Aquellos años felices de carriles bici, jardines verticales y refugees welcome de Carmena me motivaron a apoyar al audaz concejal. Le seguía a todos los actos e hice todo lo que pude para que Casado lo nombrara nuestro candidato oficial, cuando ya lo era de facto. Entonces era fácil encontrarse con Almeida por alguno de los muchos distritos de Madrid comprando fruta, charlando con los vecinos o prometiendo derogar Madrid Central. Esto último era su promesa favorita, y también la nuestra.

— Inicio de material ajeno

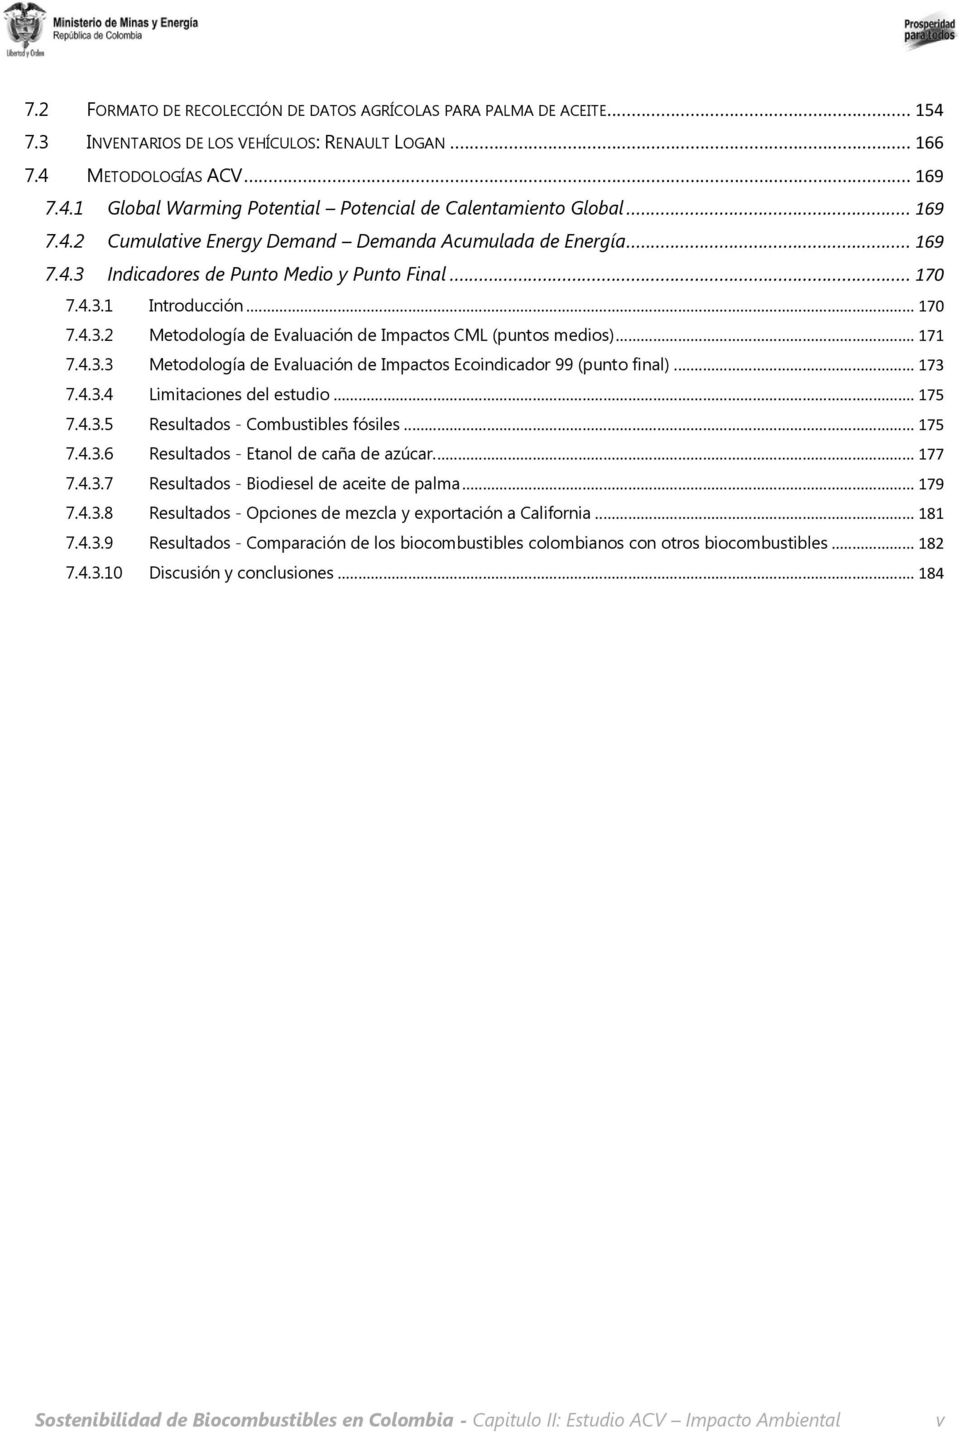 .. 171 7.4.3.3 Metodología de Evaluación de Impactos Ecoindicador 99 (punto final)... 173 7.4.3.4 Limitaciones del estudio... 175 7.4.3.5 Resultados - Combustibles fósiles... 175 7.4.3.6 Resultados - Etanol de caña de azúcar.

Almeida me llegó a conocer. Coincidíamos tanto que ya me puso rostro y en aquellas mañanas de domingo en Colón —fueron muchas, creedme— llegamos incluso a bromear. Yo solía ir con amigos y un megáfono que me regalaron a los dieciséis —¡en qué estarían pensando!— y al concejal le parecía simpático este afán como de hooligans. Recuerdo una vez que le sugerimos jugar al golf, pero eso también se lo había dicho a Aznar con el pádel, el año que le vi más veces que a mi abuela. Ambos sonrieron ante la propuesta.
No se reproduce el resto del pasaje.